Compañeros: Four Corners Immigrant Resource Center helps immigrants – legal and people in the country illegally – obtain driver’s licenses, provides general information about immigration and provides information about governmental or nonprofit services tailored to meet immigrants’ needs.
The center also offers Know Your Rights classes that provide information to immigrants about their civil rights in the United States. The center has no lawyers, and Karkut said it does not give personal legal advice to immigrants.
The center also works with other partners to provide classes for immigrants, such as cooking classes and yoga classes in Spanish to help them integrate into society.
“Our mission is to help marginalized people who have it rough. Ultimately, our goal is to help people,” Karkut said.
The website remodel is aimed at making online interactions with the center easier and at creating an accessible way for people to donate to the center.
“We don’t charge for our programs and services,” Karkut said. “We rely on private foundation donations and the local community to support us. We couldn’t do our work without the generous support we receive.”

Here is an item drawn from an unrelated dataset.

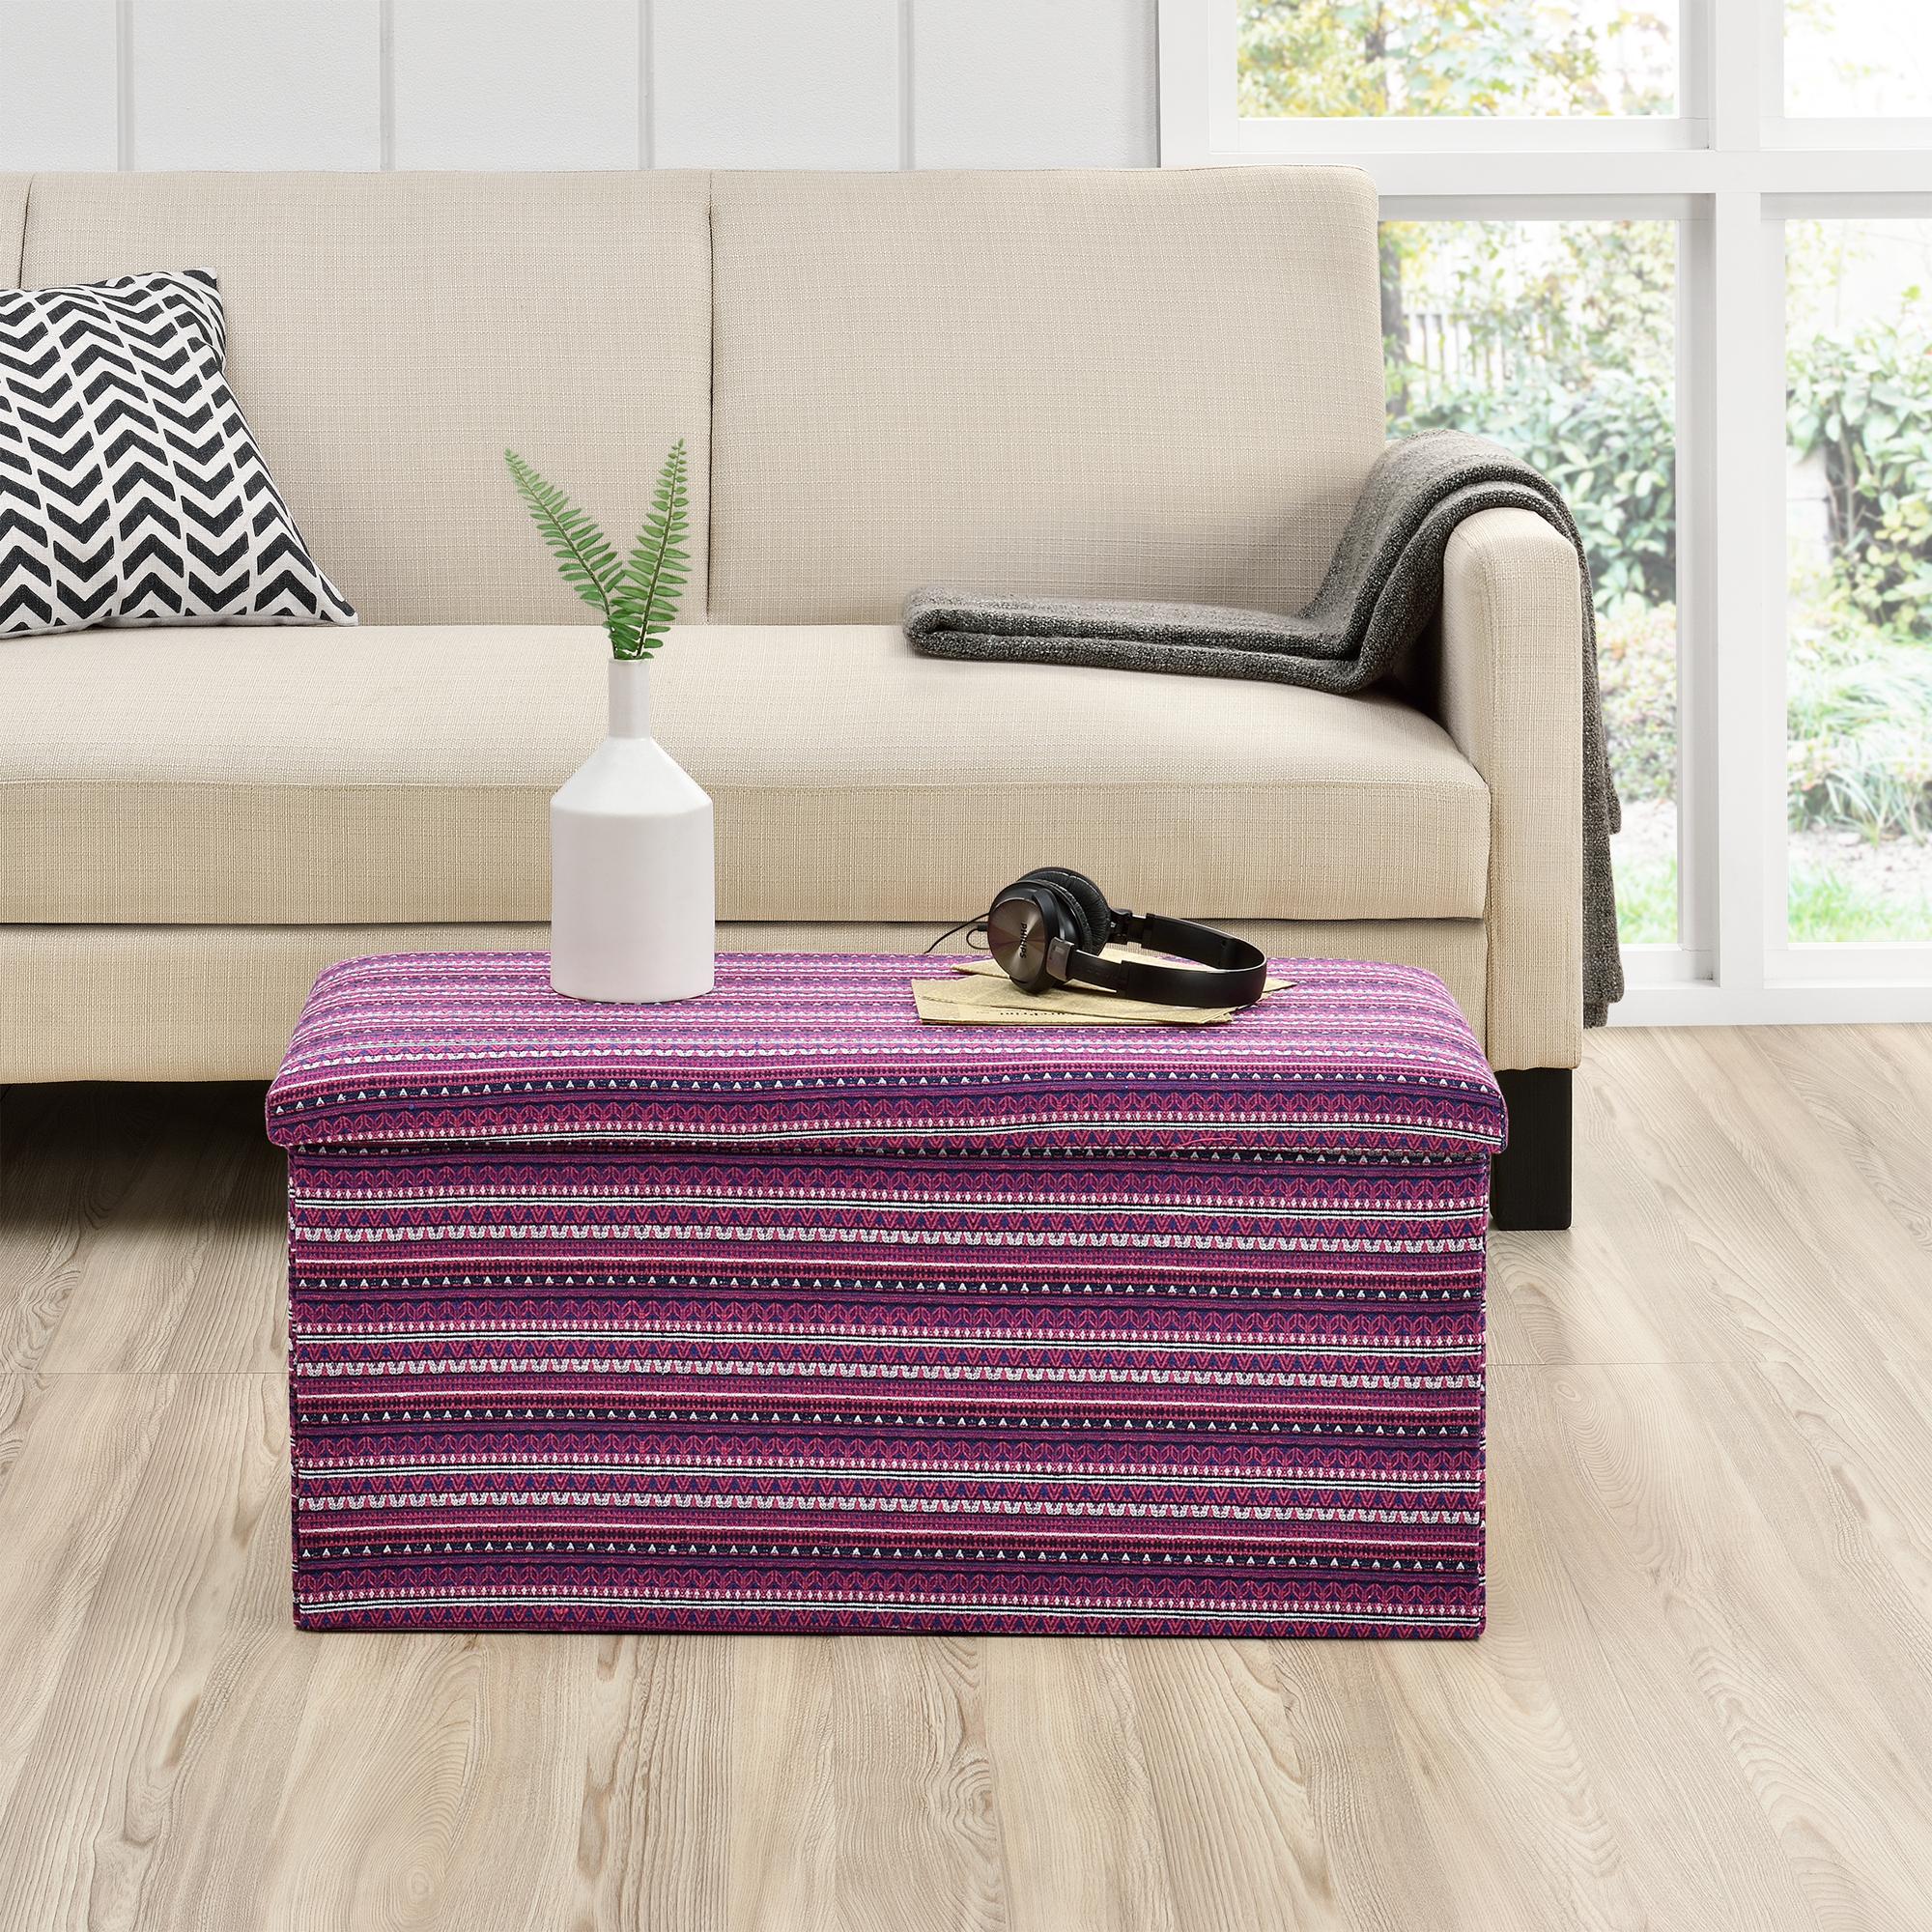 banc de rangement 76x38x38cm multicolore porte pieds ebay. Black Bedroom Furniture Sets. Home Design Ideas

Karkut moved to Durango in 2018 when his girlfriend began working with the Southwest Conservation Corps. Initially, he worked as a volunteer at the center. He applied to be executive director of the organization in fall 2018, when Danny Quinlan, the previous executive director, told him he would be departing and suggested to Karkut that he apply.
Karkut, who has a degree in philosophy, political science and economics from Pomona College in Claremont, California, has worked as a translator for immigrants in Utah. He also worked for a year in Spain teaching English, led a youth group tour of Costa Rica and spent a semester in college studying in Spain.
“We serve to empower immigrants in the Four Corners to live fulfilling lives, to achieve self-sufficiency, to be active members of the community and to be able to raise children to their full potential,” he said.